Black carbon (BC) is produced by incomplete combustion of biomass and fossil fuels. It is considered to play a significant role in the global carbon cycle and climate, because the majority of BC resist degradation by environmental microbes. BC is generated on land and transported to the ocean by river and atmospheric deposition. Dissolved black carbon (DBC), which is polycyclic aromatic compounds and particularly small in molecular size, accounts for 2% of dissolved organic carbon (DOC) in the ocean and forms relatively large BC pools. The global DBC fluxes to the ocean were estimated to be about 18 Tg yr-1 from river and 1.8-4.5 Tg yr-1 from atmospheric deposition. The total of these DBC fluxes is reported to be smaller than the DBC removal flux in the ocean. The imbalance in the oceanic DBC budget can be attributed to the uncertainty in the estimated fluxes. Since, only two studies have evaluated effect of atmospheric deposition as the origin of oceanic DBC, further observations are needed to understand the controlling factors of DBC concentration in atmospheric aerosols and to accurately evaluate the DBC flux from the atmosphere.

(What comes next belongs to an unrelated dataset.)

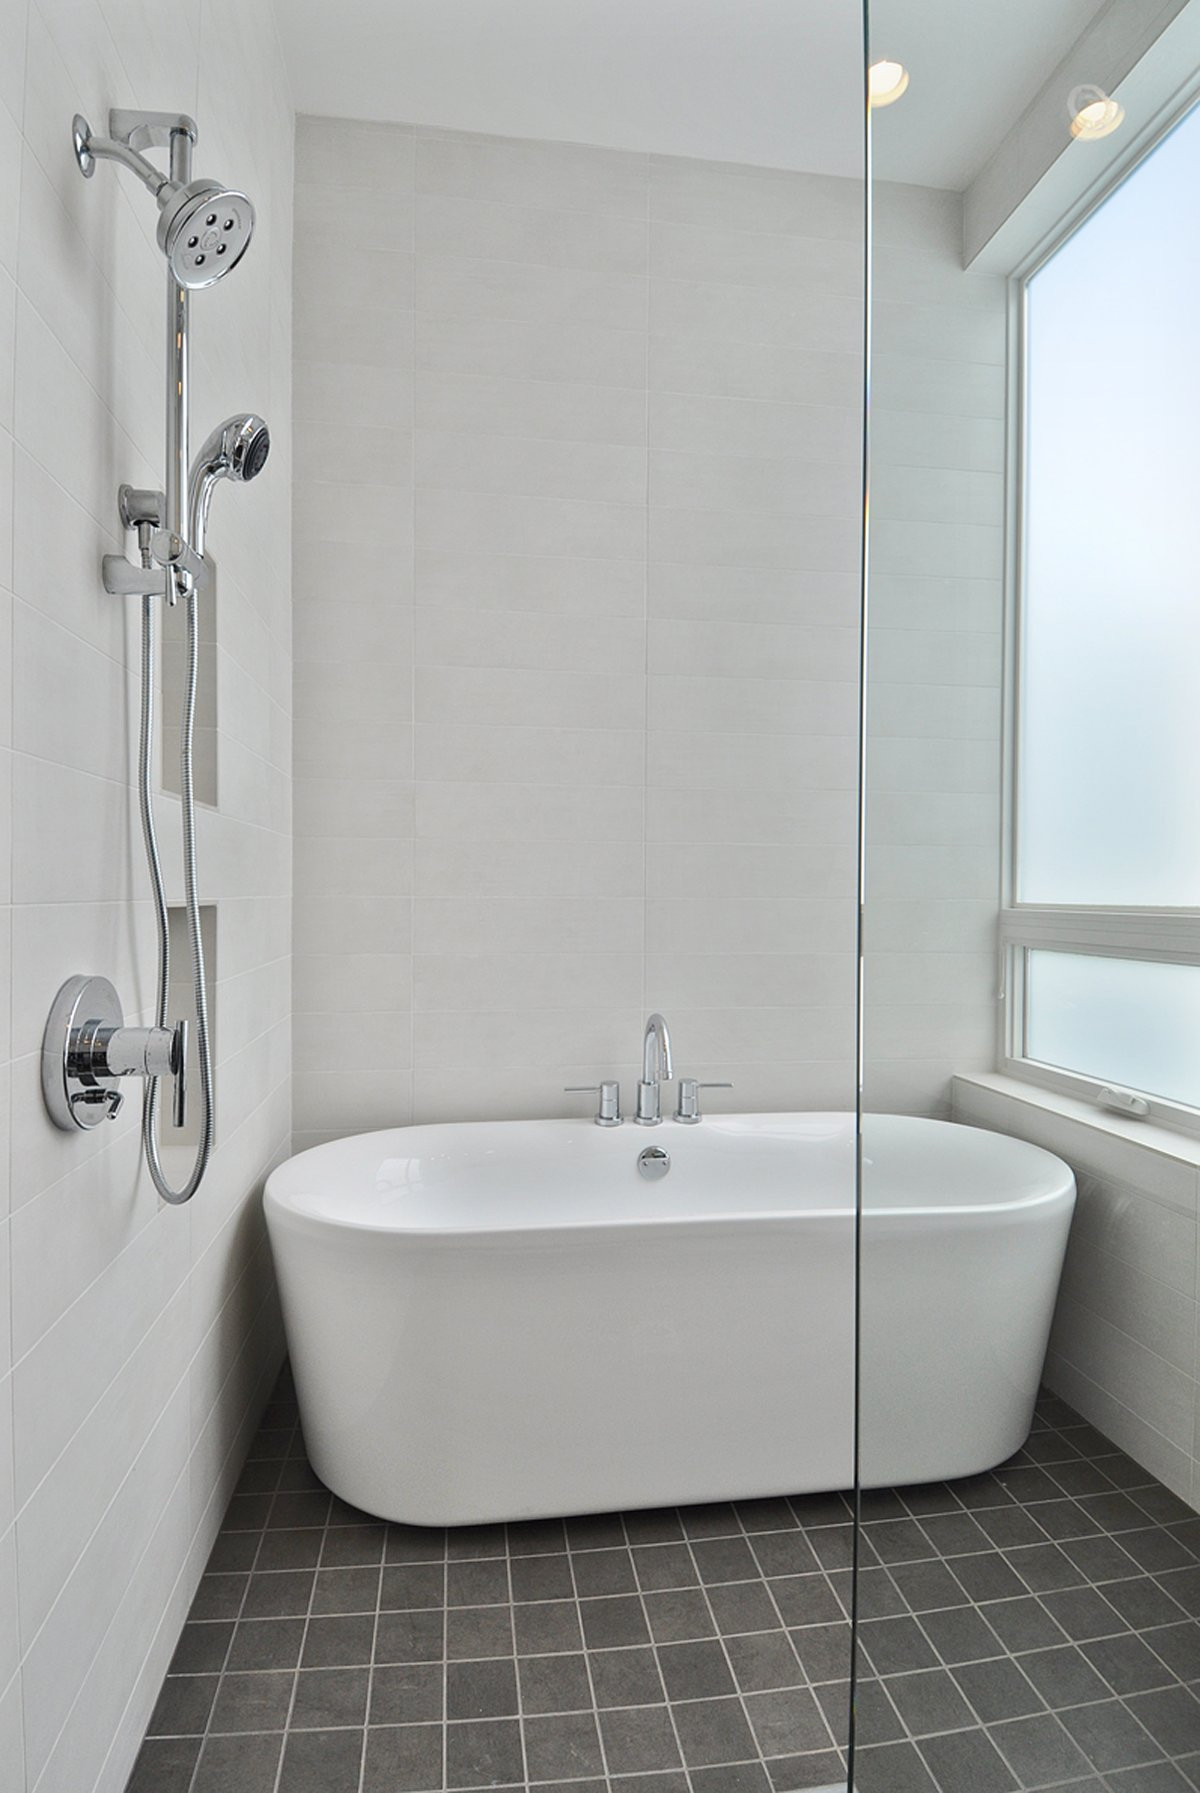 Freestanding Tub In Small Bathroom
 Perfect Small Bathtubs With Shower Inspirations

In the study, atmospheric aerosol samples were collected in Sapporo, Japan from August 19 to November 22, 2022, using a high-volume aerosol sampler. The BC and organic carbon (OC) concentrations in the aerosol samples were measured by thermal optical transmittance carbon analyzer, and the water-soluble organic carbon (WSOC) concentrations were measured by a total organic carbon analyzer. DBC concentrations were determined using the benzene polycarboxylic acid (BPCA) method and quantified using high-performance liquid chromatography. The quantity and quality of brown carbon (BrC) in WSOC were determined by a UV-visible spectrophotometer.
The concentrations and ranges of OC, BC, and WSOC in the atmospheric aerosols were relatively lower than those in the previous studies conducted in China coastal seas and rural area of Malaysia, but similar to those conducted in Sapporo. The concentration of DBC was also lower than that in the previous studies conducted in China coastal seas and rural area of Malaysia. Furthermore, the ratios of DBC/BC, OC/BC, and DBC/WSOC were smaller, and the ratio of WSOC/OC was larger compared to previous studies. Additionally, the smaller BPCA composition of DBC observed in this study suggests that fossil fuel combustion generates lower condensed DBC. A strong positive linear relationship was observed between DBC and BrC. The linearity was stronger than those of the linear relationship between DBC and WSOC and BC, indicating that DBC is similar in origin and alteration process to BrC.